2. Learning About Anxiety

Read the following flashcards to learn more about anxiety. You can do this by hovering over the flashcard.

Once you are done, you can test yourself! Turn the flashcards around and see if you can repeat some of the points you just learned.

What is anxiety?

Anxiety is a natural reaction. We all get anxious from time to time – like if we have to talk in public or take an exam. This short-term type of anxiety is useful. It makes us feel more alert and improves our performance. 

Anxiety lies on a spectrum. On one end are the normal anxieties we all experience, on the other is when anxiety stays at a high level for a long time making it difficult to get on with life. 

Unhelpful anxiety occurs when symptoms become too extreme, last too long or are triggered for no reason, potentially resulting in anxiety disorders that require treatment.

What are the symptoms of anxiety?

Most people can relate to physical symptoms of anxiety. For example, shallow breathing, sweating, fast heart rate, dry mouth and shaky legs.
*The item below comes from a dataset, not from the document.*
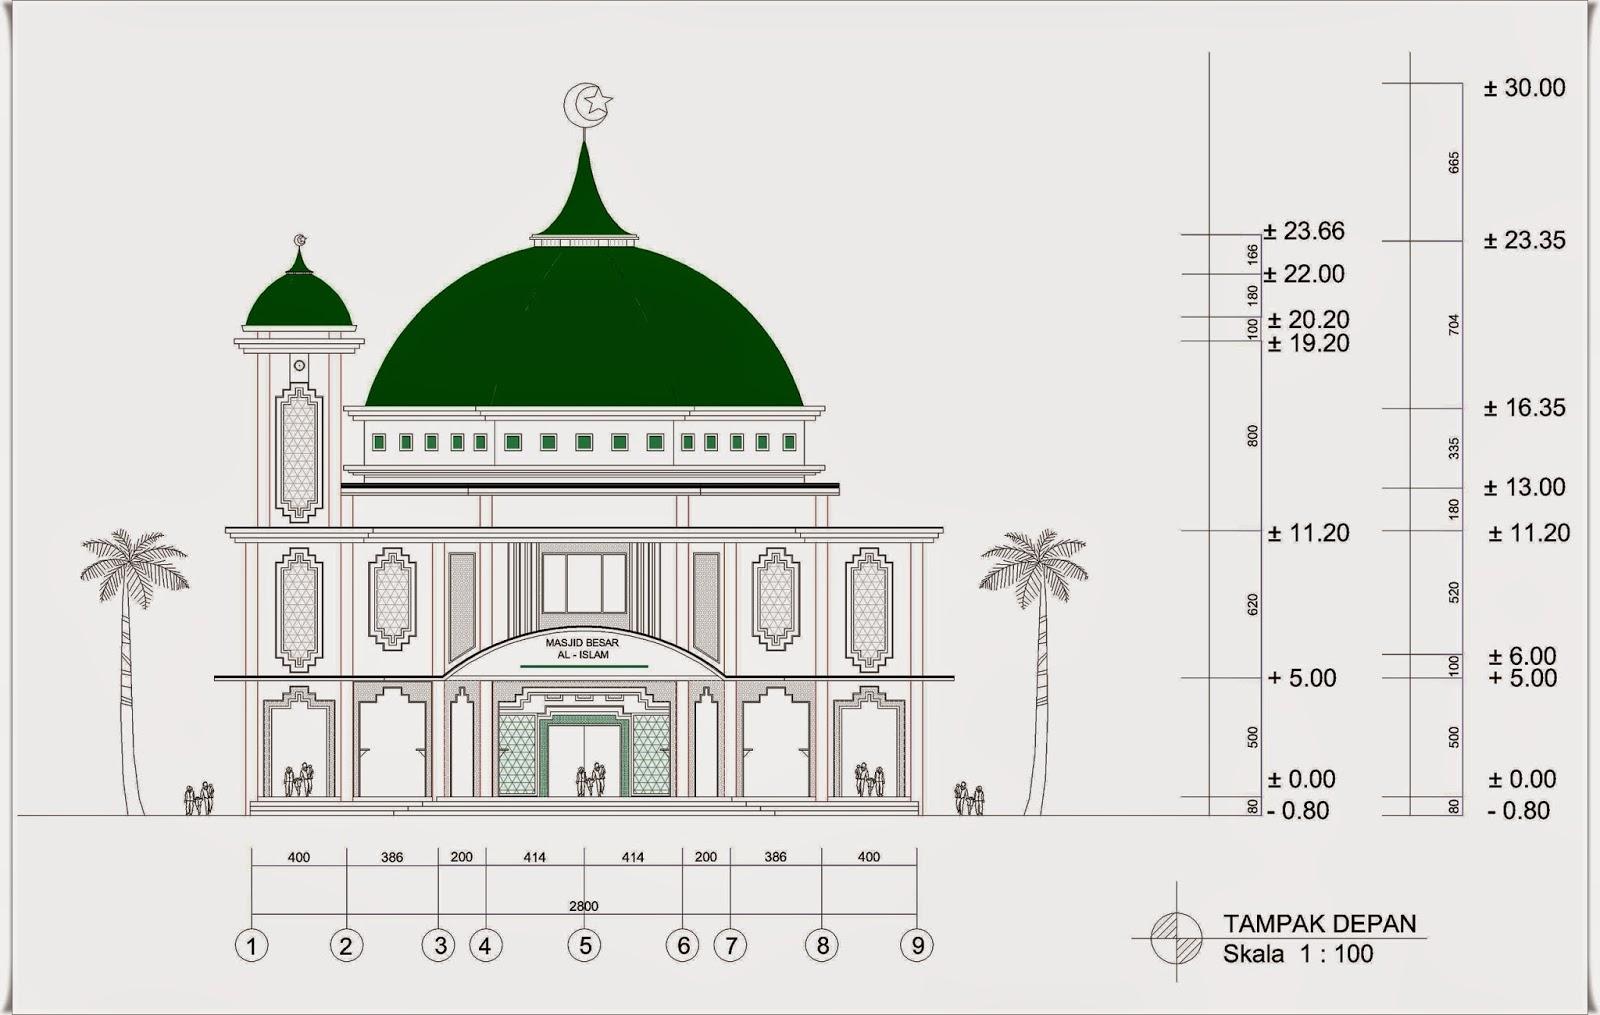 Galeri Sketsa Gambar Masjid Paling Mudah Terbaru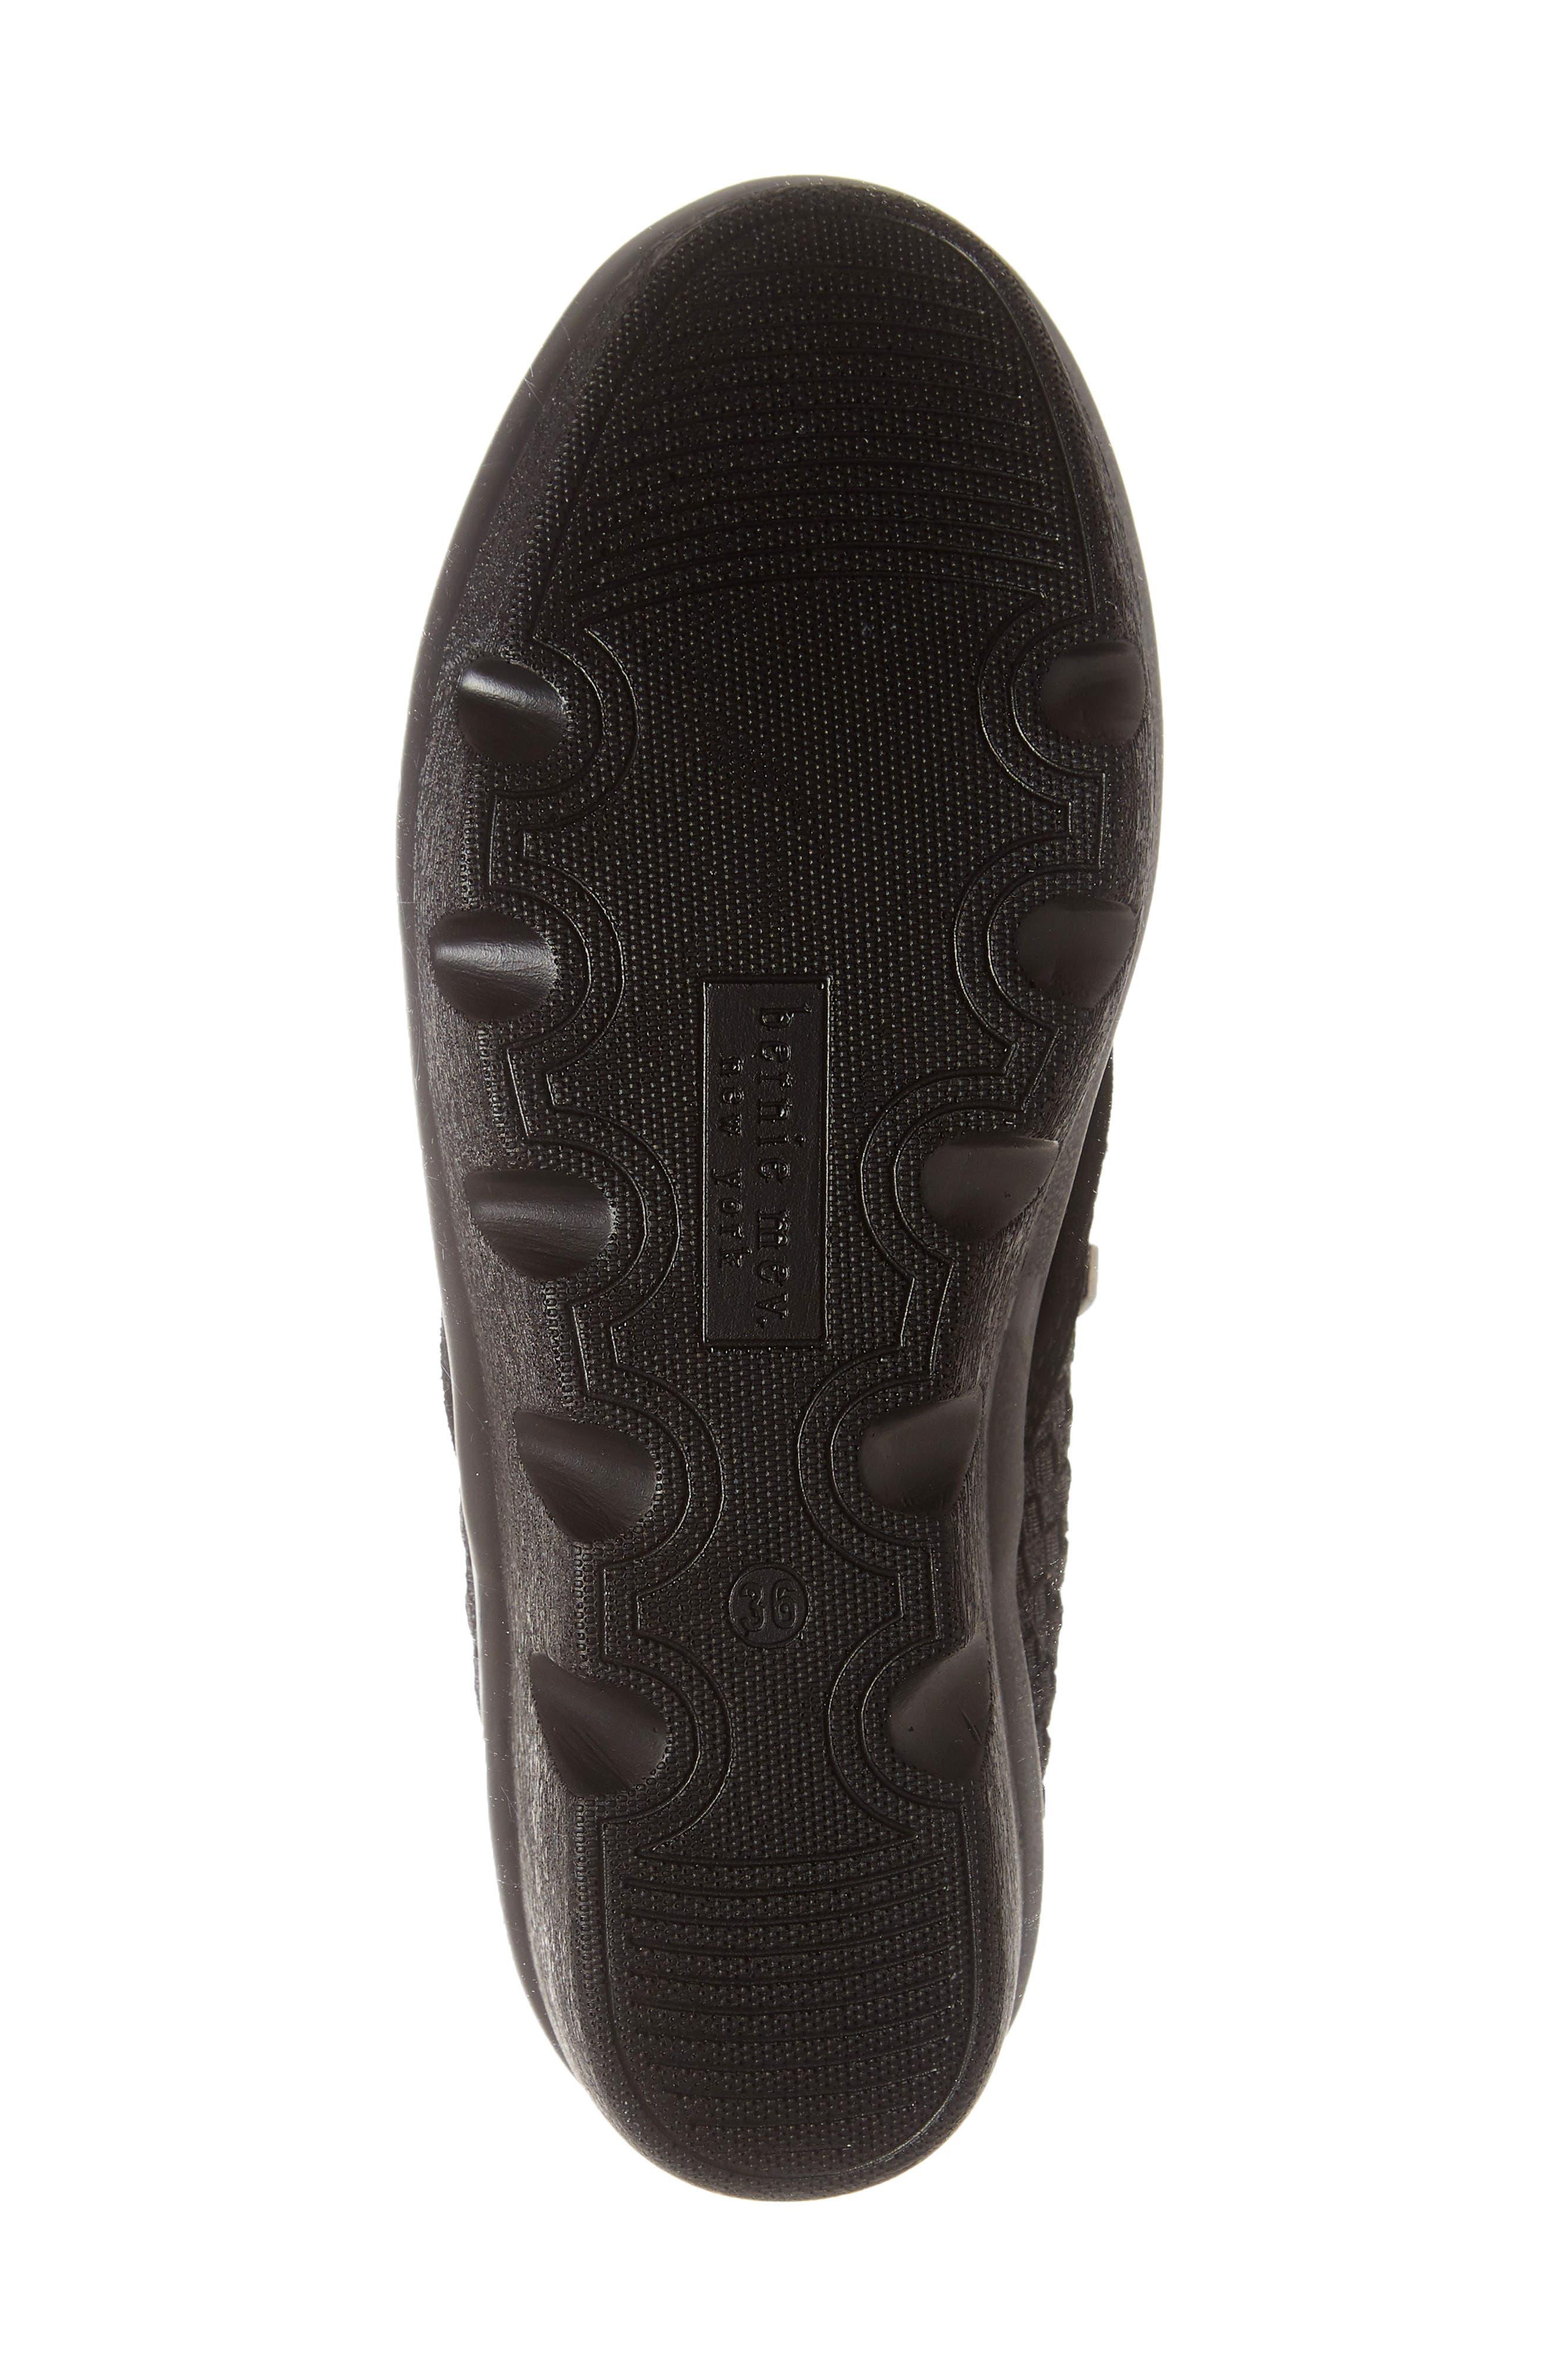 Lihi Ankle Boot,                             Alternate thumbnail 6, color,                             BLACK METALLIC LEATHER

Early symptoms of anxiety include anxious thoughts (predicting the worst, overthinking, racing thoughts that are usually scary), difficulty concentrating and feeling frightened, panicky and tearful.

Anxiety can result in certain behaviours. Having anxious thoughts and feelings often lead to anxious behaviours like avoiding things that create anxiety, getting agitated easily, and getting into arguments or fights more often.

How can we manage unhelpful anxiety?

Anxiety responds really well to psychological treatment especially one called Cognitive Behavioural Therapy (CBT). This treatment focuses on helping change anxious thoughts and behaviours to bring about change. It’s rare to take medication to help with anxiety.

Cognitive Behavioural Therapy includes learning to manage the symptoms of anxiety – physically through breathing and relaxing in special ways and mentally through identifying the thoughts that make you anxious and facing doing things either too much or too little. A GP can help in accessing CBT and there is also online help and apps.

You can also try the Clear Fear app, which uses Cognitive Behavioural Therapy principles. Clear Fear can help you identify anxious thoughts and make change. You can set yourself some goals to face your fear, one step at a time to help change anxious behaviours or learn to relax and calm through breathing, mindfulness exercises or by enjoying the gifs, jokes or inspirational quotes and people.